On the other hand, the gay community was a group that was able to direct a lot of its attention and resources to dealing with the disease. I remember the group ACT-UP, and how people from that organization learned the Food and Drug Administration laws better than the lawyers at the FDA. So they could go to that agency and insist that some drugs be used, even though [the drugs] didn't have final [FDA] approval, particularly since many of these people wouldn't live to the point where the drug was approved. The FDA finally accepted their argument that there should be some "compassionate use" of the drugs before final approval.

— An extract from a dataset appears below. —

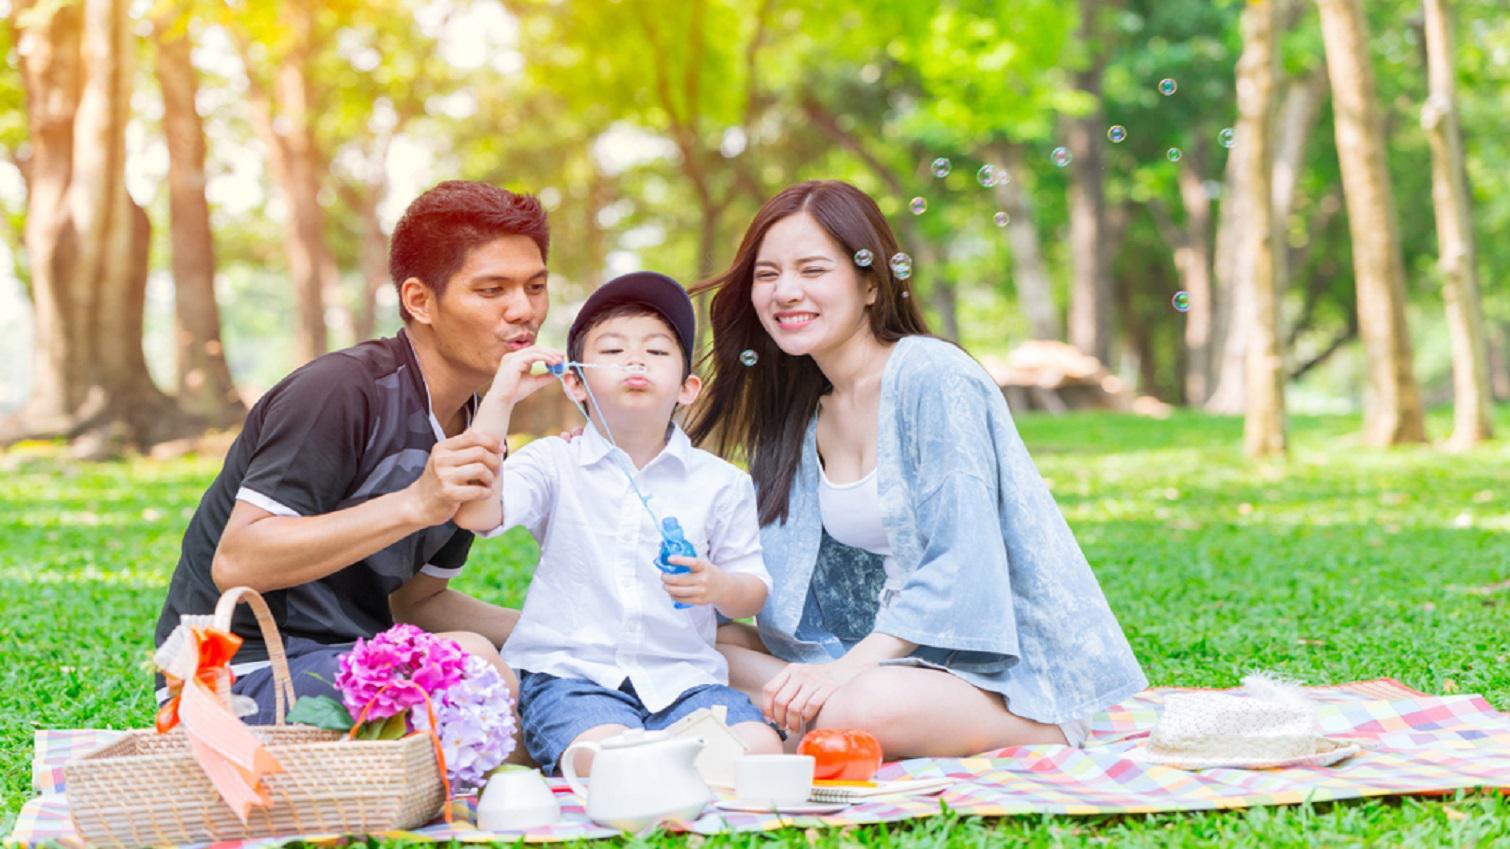 Daftar Barang Bawaan Saat Piknik

What do you think about the first President Bush's response to AIDS?

Not too much better than Reagan's. He did keep [Surgeon General] C. Everett Koop on from the Reagan days. Koop was a great hero in talking about this epidemic.

AIDS brought homosexuality to American dinner table conversation. How was this new topic greeted on Capitol Hill in the 1980s?

I think it was an eye-opener to many people around the country. Because they recognized that there were people they knew, people they were related to, people in their own families who were gay--not just some group that was ghettoized in some place.

How would you define the difference between Republicans and Democrats when it comes to AIDS politics in 2006?

I don't want to over-generalize. The Republicans right now are so captive of the extremist religious right wing, which has hostility to homosexuals, but for the moment they're focused on gay marriage. There were [prominent] Republicans in the Reagan and Bush administrations who were very anxious to fight this epidemic. But by and large, I think we had a problem on the Republican side.

I think it's been helpful that we have this report out in the public, because it highlights how taxpayers' dollars are being wasted on programs that are ineffective. The curricula used in public schools around the country, as well as in some private schools that have received sexual abstinence-only funding, have just misrepresented basic public health information--even to the point where they were saying that AIDS is spread through sweat and tears. The harm was also in the fact that young people taking abstinence-only programs without taking basic public health information were more likely to get sexually transmitted diseases and unintended pregnancies--because they were being kept ignorant.